I do of course write all this in the sure knowledge that the photographic or camera owning internet is only marginally about taking photographs. It's mostly about the gear you use and how and where you use it. Most people are more interested in what f-stop you use than what the light was like and what creative choices you made to achieve your composition. I know that only too well from the stats. for this blog. I'd like to write more about how my pictures are created aesthetically rather than technically, but I doubt many people want to read that. Certainly I get very few page visits for that as opposed to the Leica S2 v iPhone type posts. And since I do have an audience it would be an arrogance if I ignored what people wanted to read. 

Personally. I'm pretty annoyed by anyone who thinks that they can define me and how I photograph by the gear that I use. And I think anyone else has every right to be annoyed as well. It's pretty galling to be thought of as some ageing old fart who uses Fuji X cameras because they are so stuck in the 'photographic past' that they are unwilling or unable to embrace the future.  Conversely it must be equally annoying to be thought of as a young photographer who is only interested in 'grabbing the moment' and getting it onto a social network site ASAP. With of course the implication that you have no interest in getting your technique to a standard that allows you to create what you want, when you want. So putting us all into catergories serves no purpose other than to demean us, our aspirations and our talents. Plus if you want to see 'cutting edge' experimental and creative photography have a look at Man Ray, Diane Arbus and Cindy Sherman, to name just three who pushed the limits of photography way beyond what any smartphone snapper comes up with these days. 

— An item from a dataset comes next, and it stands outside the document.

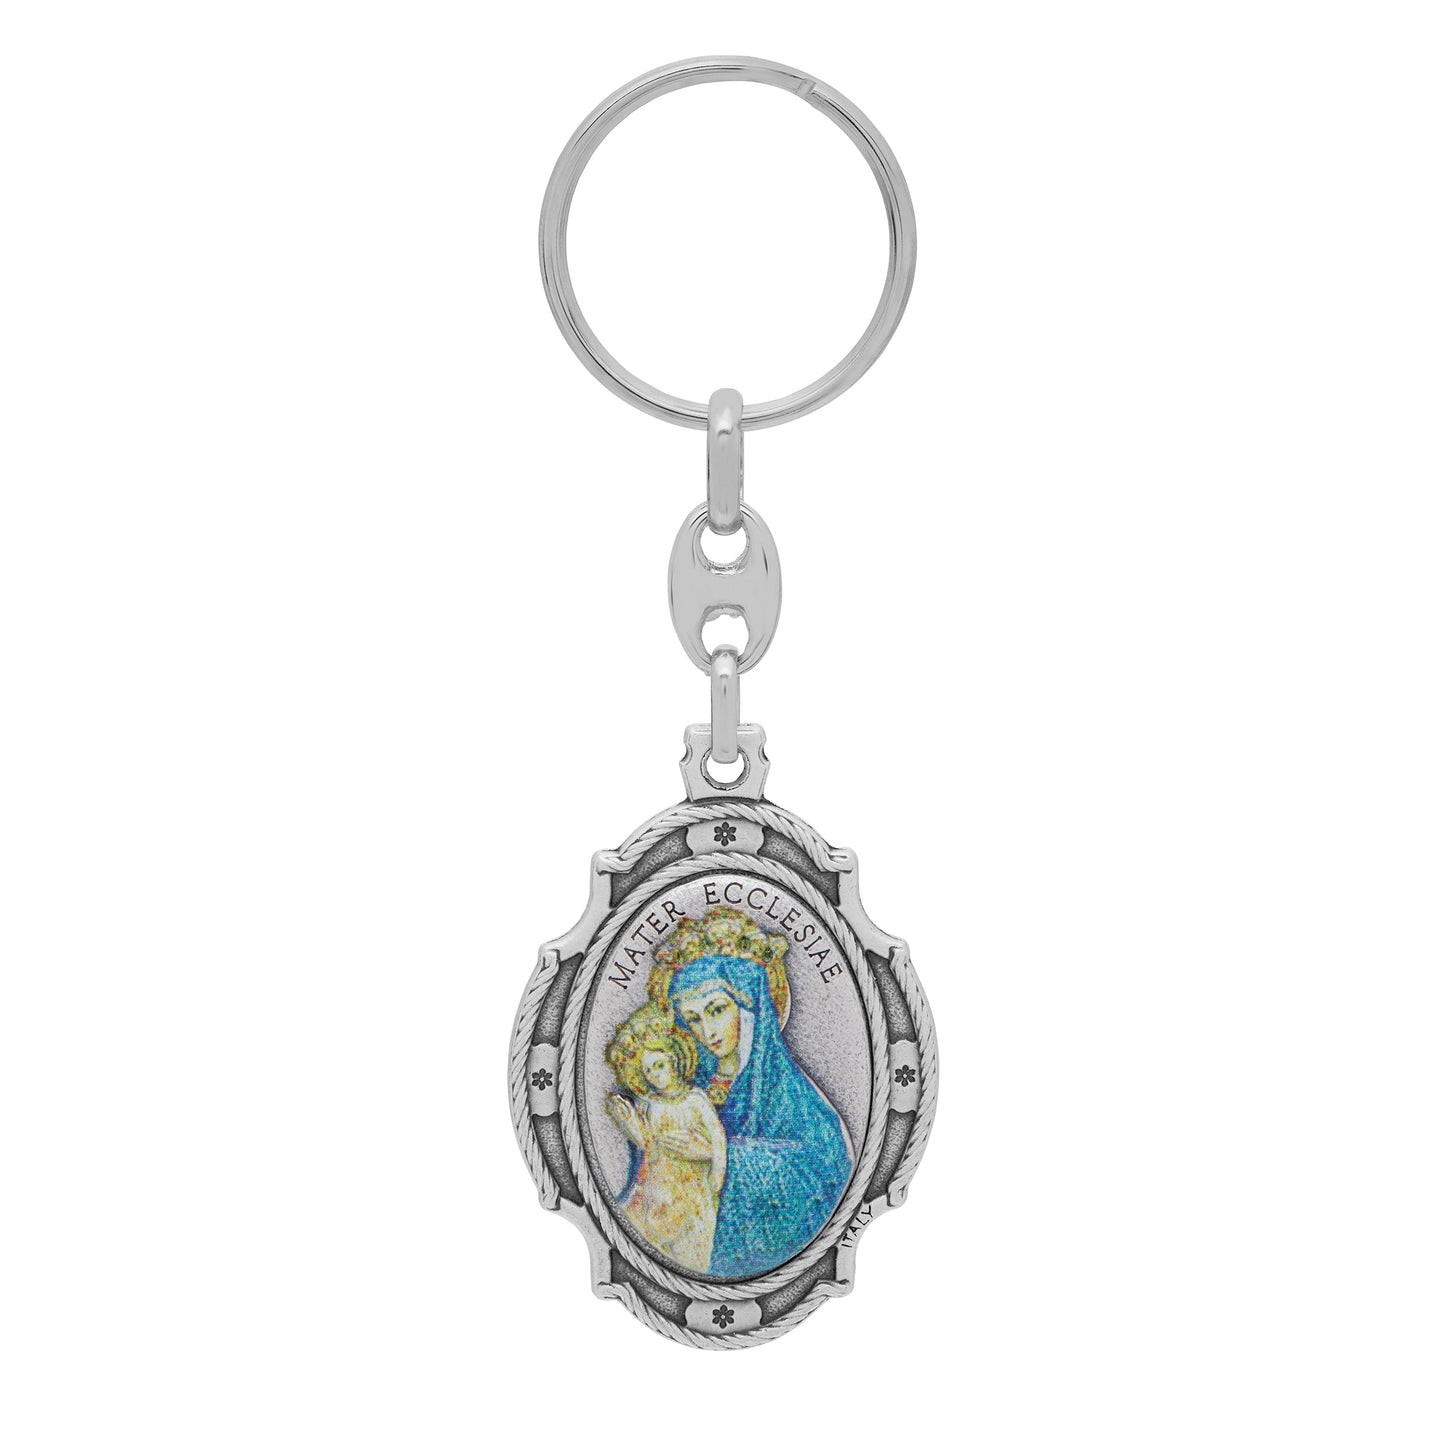 Mondo Cattolico Keychains Oval Colored Metal Keychain With Worked Frame of Mater Ecclesiae

There will always be two sorts of people who take pictures. Those who regard it as something special, have an interest in the process and the results, who will spend time and money on it as an end in itself and there is everybody else. So who do camera manufacturers serve? Well some obviously try to serve everybody but it's always struck me that Fuji see their short term future with the first group. And I like that. I've never been one of those who says that the camera isn't important. It is and for me it's the equivalent of the instrument I use when I create music. But when I've got that right and found something that works for me, then I can get on with the important stuff, making pictures. And that's precisely why I like the Fuji's. I may have some issues with the raw processing and battery life, but when I'm actually out focusing and pressing the shutter they work just fine for me and are a pleasure to use. 

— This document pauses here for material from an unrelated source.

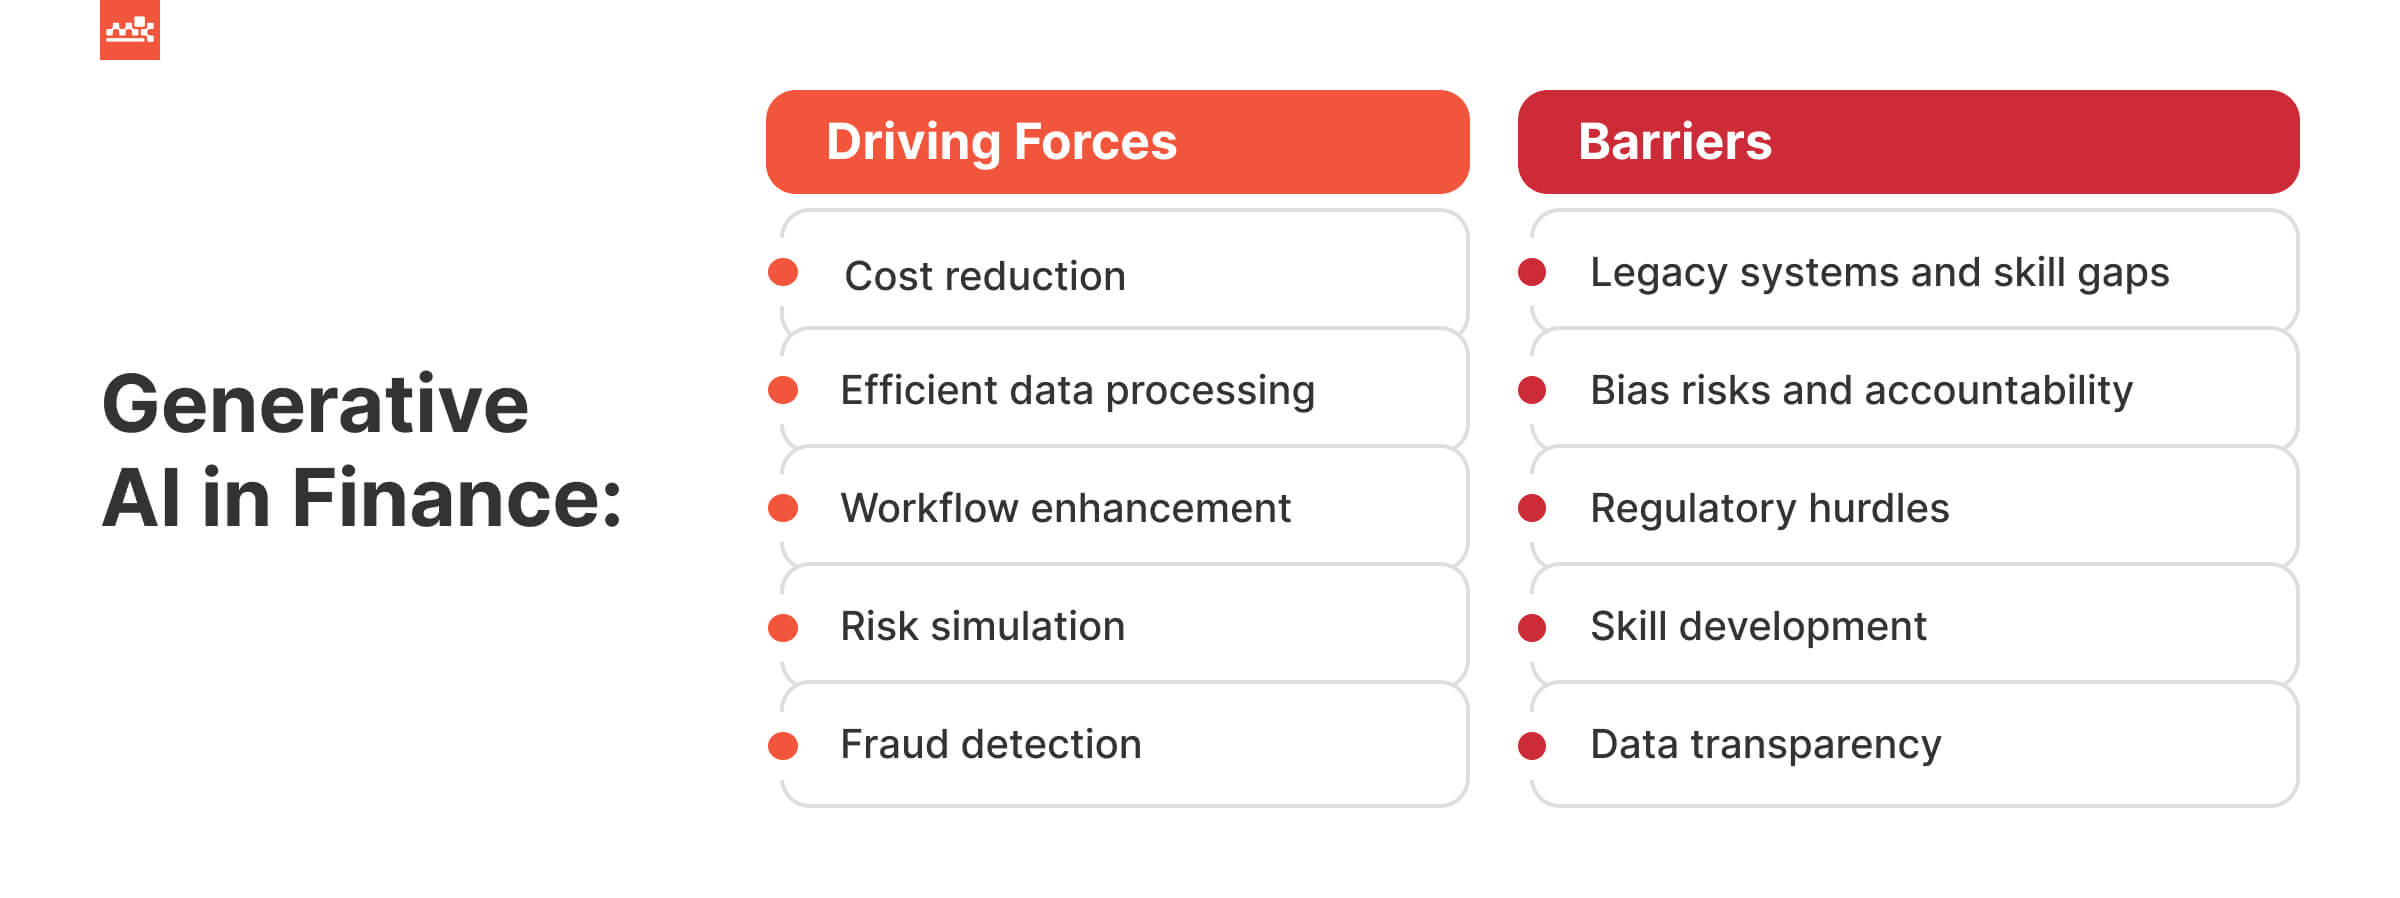 Gen AI in Finance - driving forces vs barriers

So finally, no predictions and no value judgements about my or your cameras. Or about what I or you want to do with them. I would however make one request. If anyone out there knows of any good sites or blogs written entirely by female photographers, then please let me know so I can add them to my recommendations. I disagree with Kirk Tuck over many things but over the male domination of the photographic internet, I am in complete accord. Like him all the photo shows I've attended are so male dominated as to be worrying and it can't be like that everywhere surely. Plus if the female members of the various Google+ groups I run would like to put forward their views on this whole debate then I'd be really glad to see that. It's not easy being a stereotype and I'd love to see an alternative (if that's what it is of course) by those who don't conform the camera owning cliche.